Runoff races put to voters in November |

Runoff races put to voters in November

Janet Urquhart

Making good on a promise the Aspen City Council made to the electorate more than a year ago, the city is asking voters if they want runoff elections for elected officials.

Referendum 2F on the city’s Nov. 7 ballot proposes amendments to the city charter to institute a runoff election for mayor if no candidate for the post receives a majority of the votes cast. In addition, council candidates would face a runoff contest if they don’t receive at least 45 percent of the votes cast.

The runoff concept has long simmered as an issue in local politics, but when four candidates for mayor emerged in the May 1999 election, the council decided it was time to propose runoffs even before it knew the outcome of that election, recalled Mayor Rachel Richards, who was a council member at the time.

Richards was elected in that four-way race by just 14 votes and 32 percent of the votes cast. Had runoff elections been mandated by the city charter, Richards and her nearest competitor, Helen Klanderud, would have faced each other in a subsequent contest.

“It’s important that someone who has a little more of the spokesperson’s role as the mayor really speak with the strength of the community behind them,” said Richards, who supports the runoffs.

“I don’t know what the outcome would have been the last time had there been a runoff election. For me, that’s really not the point,” she said.

The charter amendments proposed on next month’s ballot set the runoff election on the first Tuesday in June. Holding an additional election will cost the city $2,500 to $3,000, according to City Clerk Kathryn Koch.

While mayoral candidates must win with a simple majority – 50 percent of the votes cast plus one vote, according to the proposal – the City Council agreed during deliberations this fall to propose a slightly lesser standard for council members.

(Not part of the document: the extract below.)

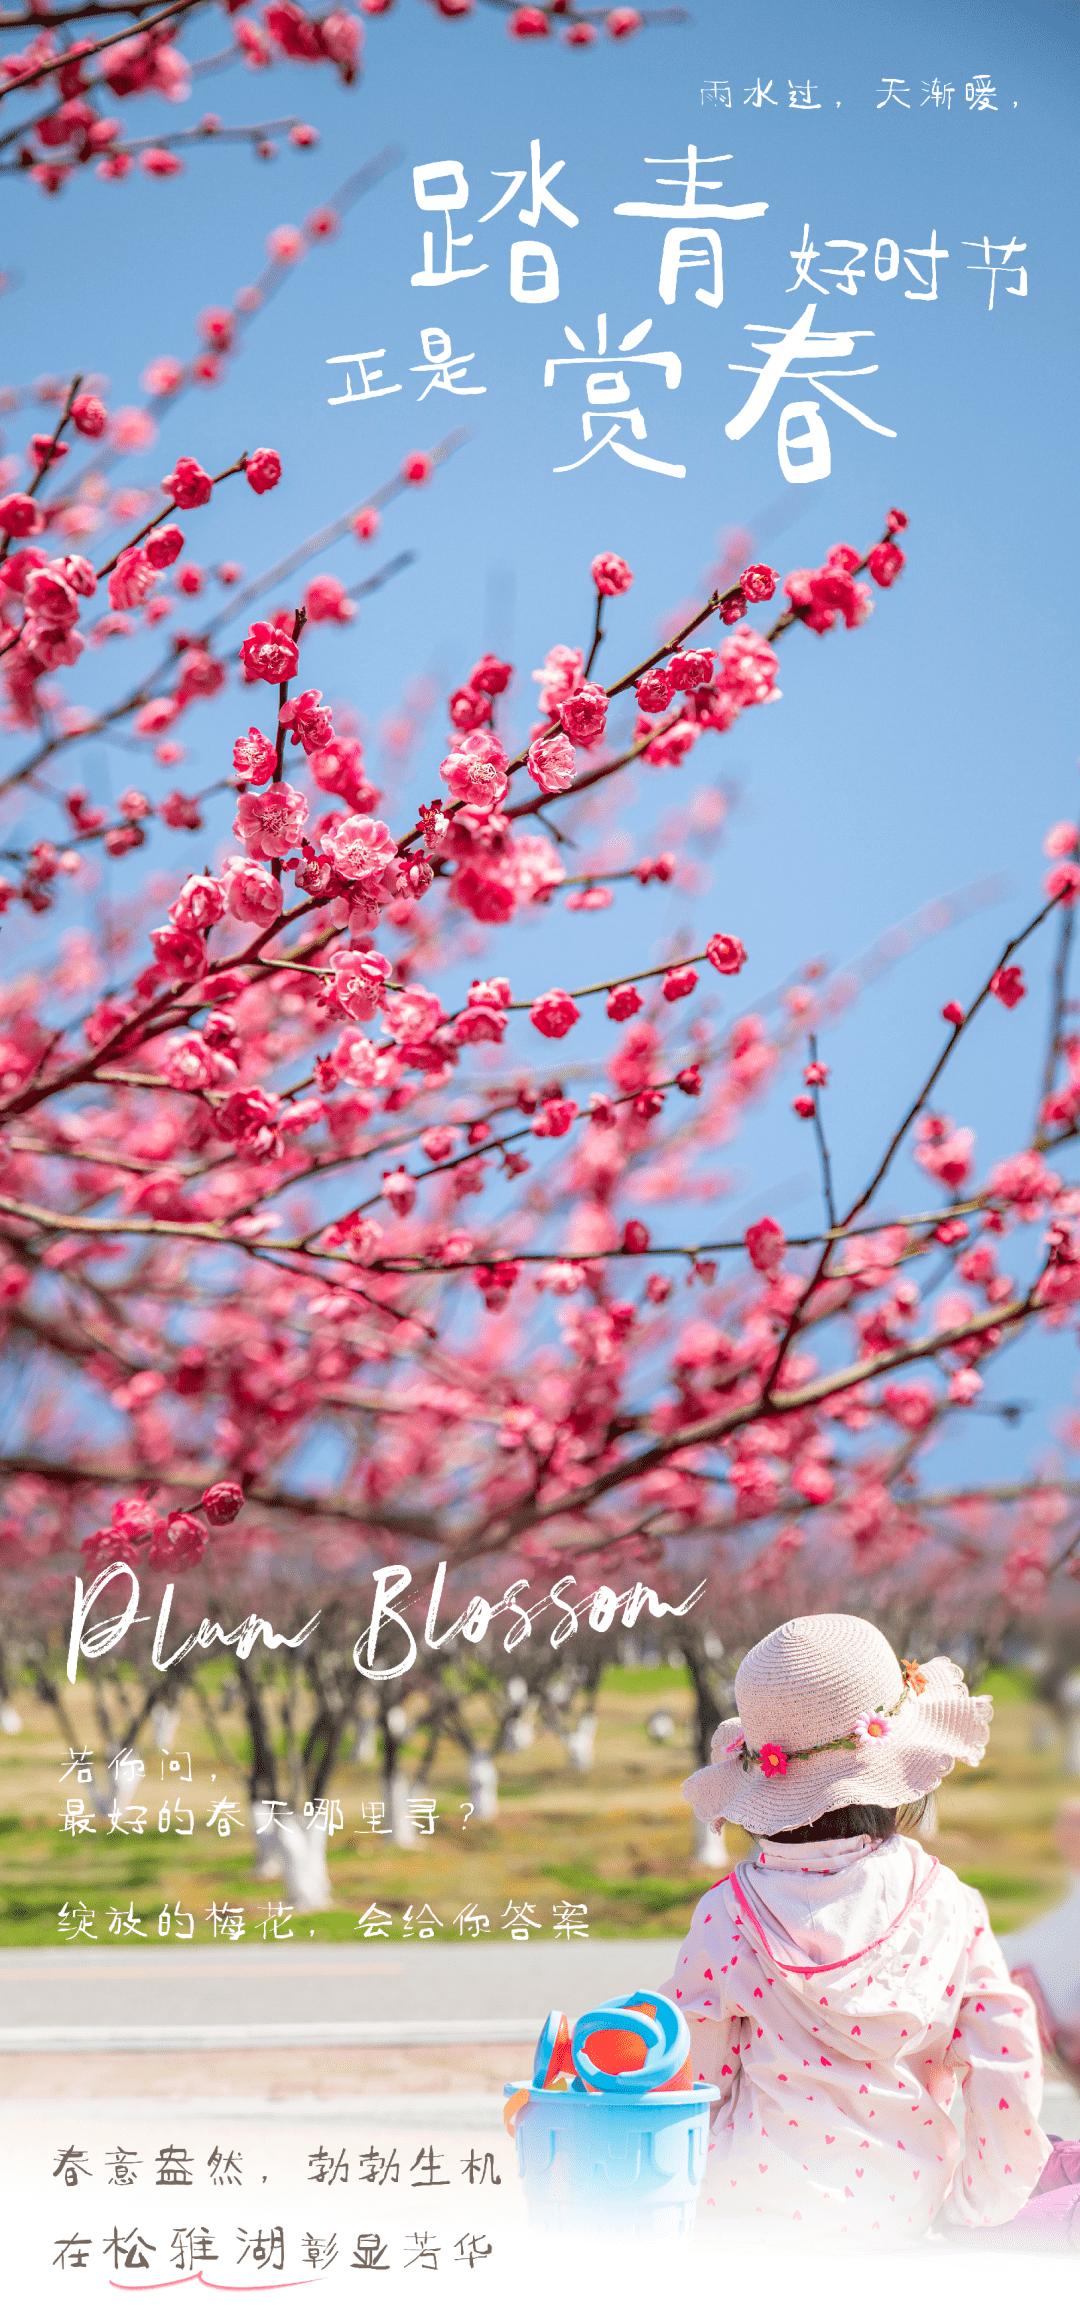 踏青赏花好时光,在长沙与花儿来一场春日邂逅!

With multiple candidates often running for two council posts, it’s quite possible no one would garner 50 percent of the vote, forcing runoffs for both seats after every election.

At 45 percent, Councilmen Tom McCabe and Tony Hershey would have been elected to their seats without a runoff in 1999. McCabe collected more than 50 percent of the votes cast in a six-way race and Hershey received 46 percent of the vote.

However, without runoffs for council members, someone with a relatively small margin of support could end up with a seat when a large field of candidates splits up the vote, Richards noted.

The proposed runoffs would pit the two top vote-getters against each other for mayor, while the four top vote-getters in the council race would vie in the runoff if no one receives 45 percent of the vote. If one council seat is filled in the initial election, the two candidates with the next highest vote totals would face off in a runoff for the other seat.

Two council seats come up in each election, held every other year in May. Council members serve for four years; the mayor serves a two-year term.